To Know a Woman – Amos Oz (Hebrew)
Everything in this novel, though presented in a clear prose, is shrouded in inexplicability. In the opening chapter Yoel rents a house; it’s a step in his embarking on a new life. After the death of his wife he had retired from his long-time job as an Israeli spy. His strength in that career is purported to be an analytical mind that can penetrate facades. But, in regard to the three people he lives with, he’s pretty much clueless. His teenage daughter is perversely uncommunicative and his mother and his dead wife’s mother (the “grannies”) present problems he can only referee. He’s surrounded by odd types, foremost being his next door neighbors, a brother and sister. Yoel has sex with the sister while the brother watches approvingly; Yoel seems to be sleepwalking through these encounters (on one occasion the brother has to undress him). His former employers keep trying to get him to return to Helsinki, but he’s suspicious of their motives; even his dreams have an elusive quality. Yoel occupies himself by making minor repairs on the house, planting a garden. Then, in the last chapter, his life takes an abrupt turn: he volunteers in a hospital, doing menial jobs and treating the patients with compassion. Is this a solution for his irresolute state? Maybe, maybe not. When I read (and reread several times) the final paragraph, in which we get Yoel’s thoughts, he’s waiting for something: “Hoping for a recurrence of one of those rare, unexpected moments when the blackness is momentarily illuminated, and there comes a flicker, a furtive glimmer . . .” Of what? The entire novel (even the title) was stubbornly obscure. Though I value clarity and usually consider inexplicability to be pretentious, Oz did succeed in keeping me interested in a world of shifting shadows.
The Manor – Isaac Bashevis Singer (Yiddish)
I began my recent review of Shosha with this sentence: “Singer was no novelist.” Well, I was wrong. The Manor is a novel, and it’s very good. It’s a large scale work, heavily populated, and its many narrative strands embrace politics and religion. This makes it difficult to describe the plot, so I’ll crib from the Author’s Note to present a few background facts. The setting is Poland between 1863 and the end of the nineteenth century. The Russians, who are in control of the country, have just put down an insurrection. Poland is fast becoming industrialionalized; railroads and factories are being built, fortunes made. Jews are emerging from the shtetl and have begun to play an important role in this growth; some become wealthy and powerful. New ideas are sprouting: socialism and nationalism, Zionism and assimilation, free love, atheism, the beginnings of Fascism. Though some of Singer’s main characters are not Jewish, his main concern is with Jews. That said, there are Jews who find the religious beliefs that saturate the lives of the devout to be an absurd jumble of medieval superstitions. Yet the devout hold onto something meaningful to them and are the better off for it. But “better” is a relative term. There’s much unhappiness and even misery in the lives of these characters. It’s not imposed by state oppression – flawed people generate their own problems. Though sex plays a large role, no relationship or marriage (often arranged ones) results in contentment; the polar opposite is more common. I was caught up in these dramas. My only quibble has to do with the large cast; there were too many people to keep track of. Still, I suppose that’s what you get in a long, sprawling novel. Singer employs a narrative strategy that’s worth noting: he has a situation reach a crisis, and then he drops it; as we continue to read time passes, maybe years, and eventually we find out, in an offhand way, how that crisis was settled. This has the effect of making one fill in the gaps, to imagine the emotional blow that had been inflicted. For mostly it is a blow. The prose is smooth and engaging. I’ve always wondered how Singer’s original Yiddish was able to survive translation so well. Or did it lose something? I believe that the author, who had a full grasp of English, must have played a role in the process. The Manor is part of a trilogy that includes The Family Moskat and The Estate. More very good novels? We’ll see.

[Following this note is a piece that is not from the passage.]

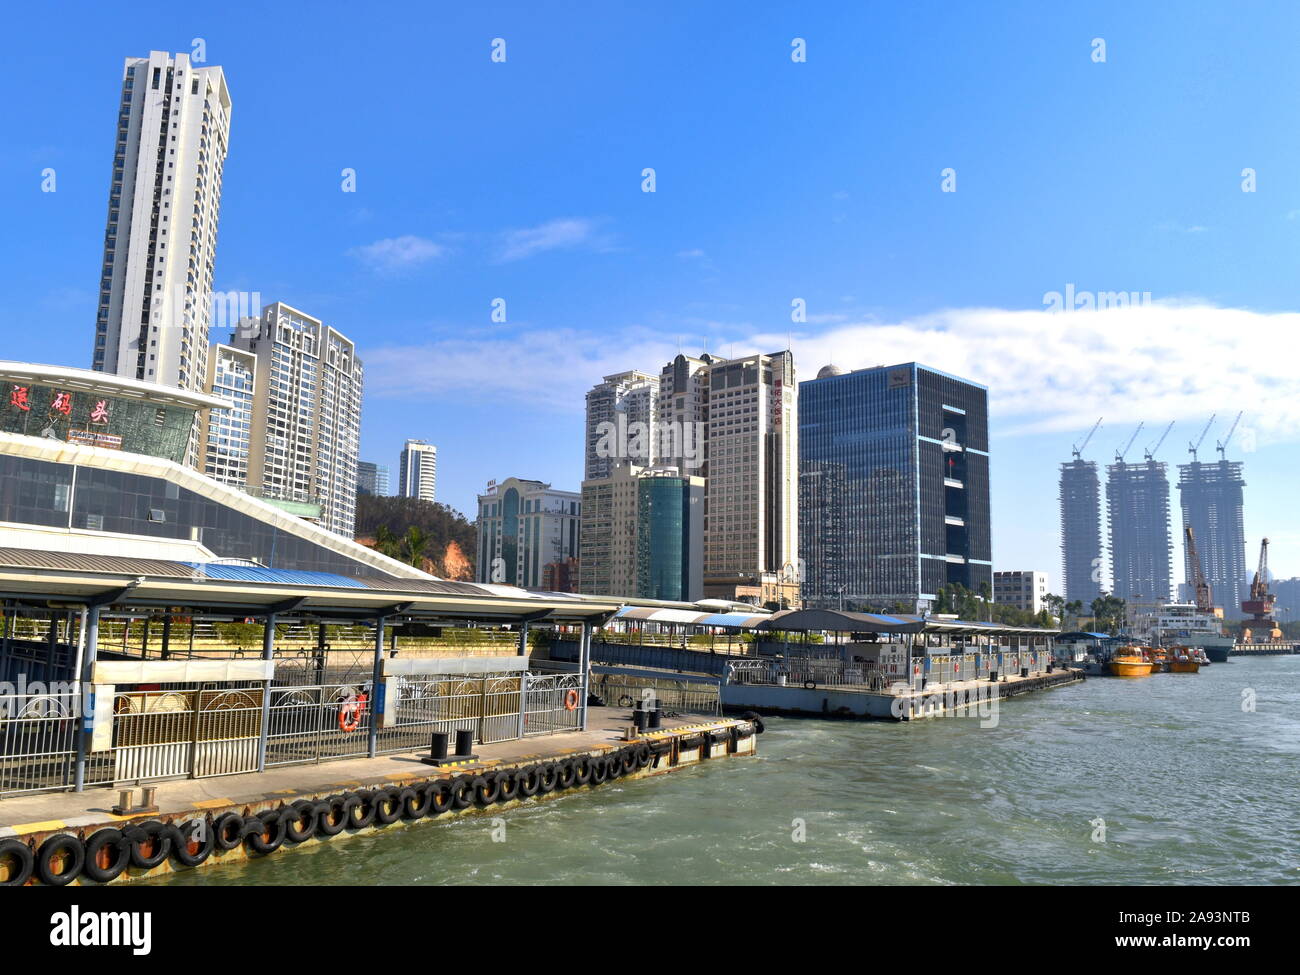 Xiamen international cruise terminal and urban development, China Stock Photo
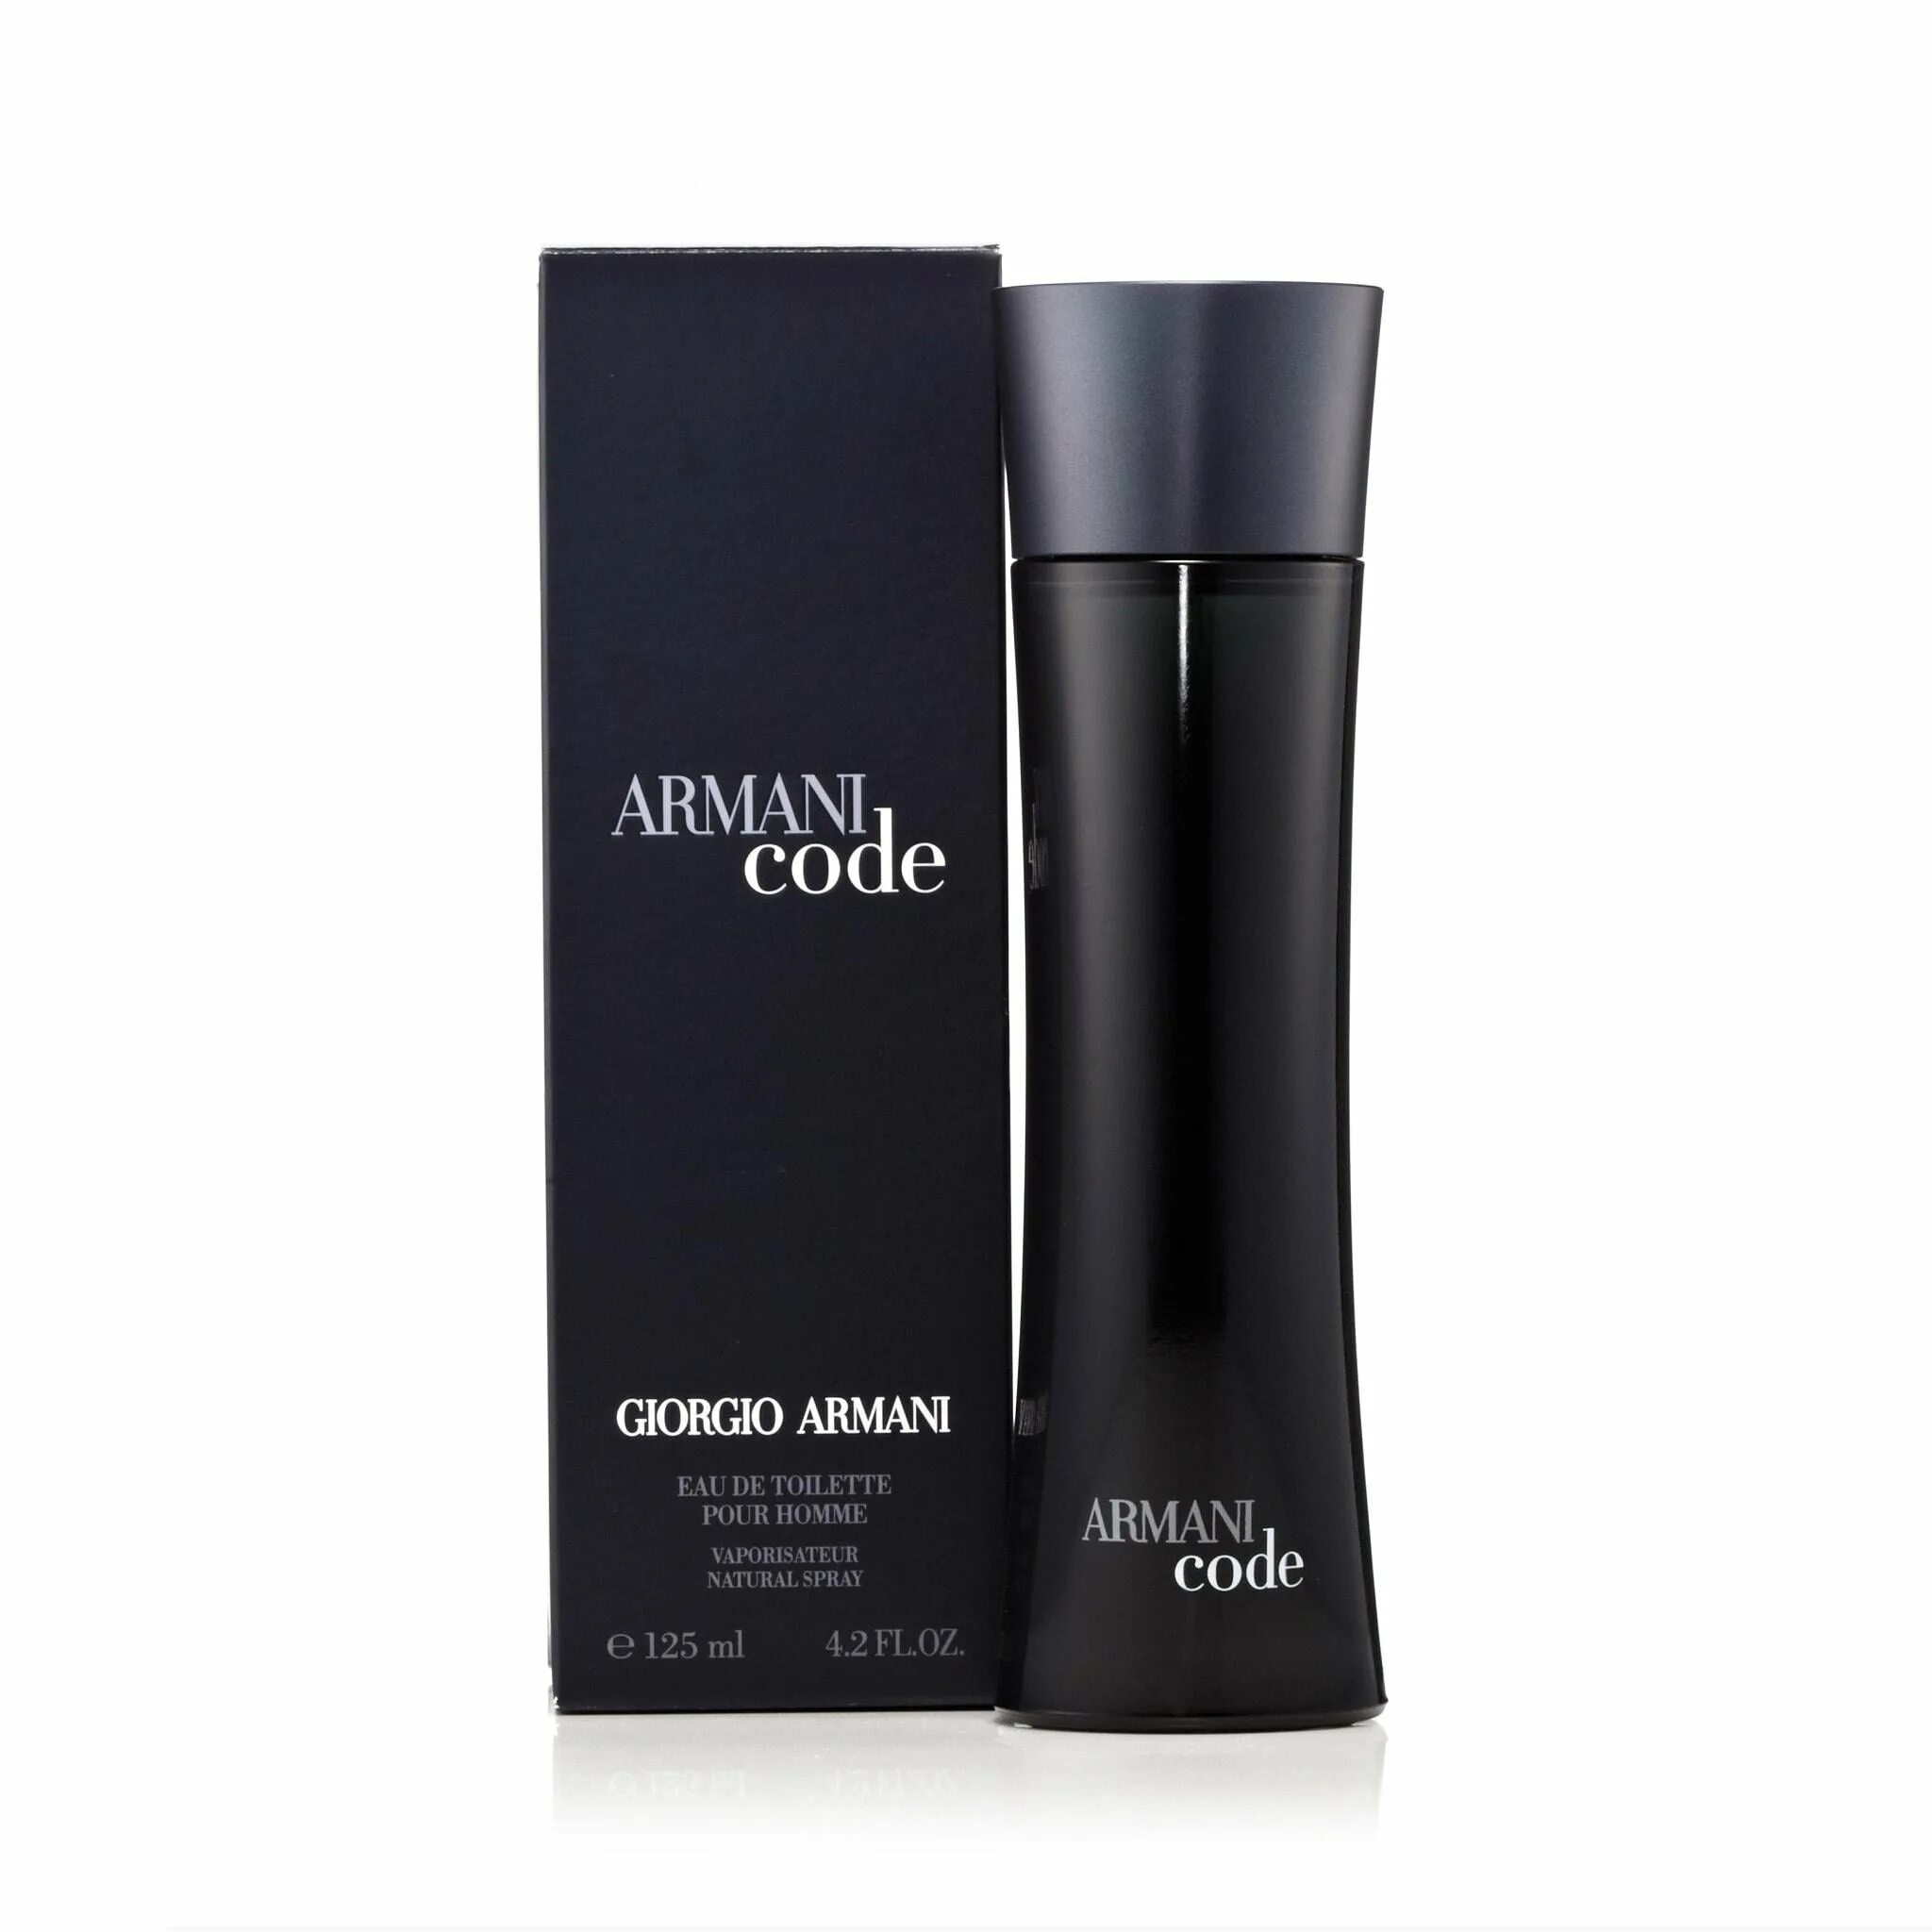 Giorgio Armani Armani code. Giorgio Armani Armani code Parfum, 100 ml. Giorgio Armani "Armani code Parfum" 125 ml. Armani code Black for men.

The Midwich Cuckoos – John Wyndham
Though this novel features a UFO and alien children, it’s too intellectual to fit into the category of science fiction. What Wyndham offers up are ideas, not action. The premise is that a UFO lands in a small English village; during the one day it remains there all women of childbearing age are impregnated (how this is accomplished we never know, for everyone has been put into a deep sleep). The babies that are born are distinguished by glowing golden eyes. As they mature it becomes clear that they have a collective will, and are able to control humans whenever they wish. If they perceive a danger to one of their group, they retaliate. What’s to be done with this threat from Beyond? Are the Children to be granted human consideration? A handful of intellectually-minded characters talk and argue about issues of that ilk. But we don’t experience the events that occur in Midwich from the villager’s perspective. We never get the feelings of a woman who is carrying a child that she knows was not conceived in the normal way. When the villagers raid the Grange, where the Children are housed, we learn what happens through someone’s brief summary. That’s how most events are presented – by means of secondhand accounts. Wydham seldom takes his premise to where the affected humans are to be found. As a result the book lacks emotional immediacy, and this caused me to read it with a sense of detachment.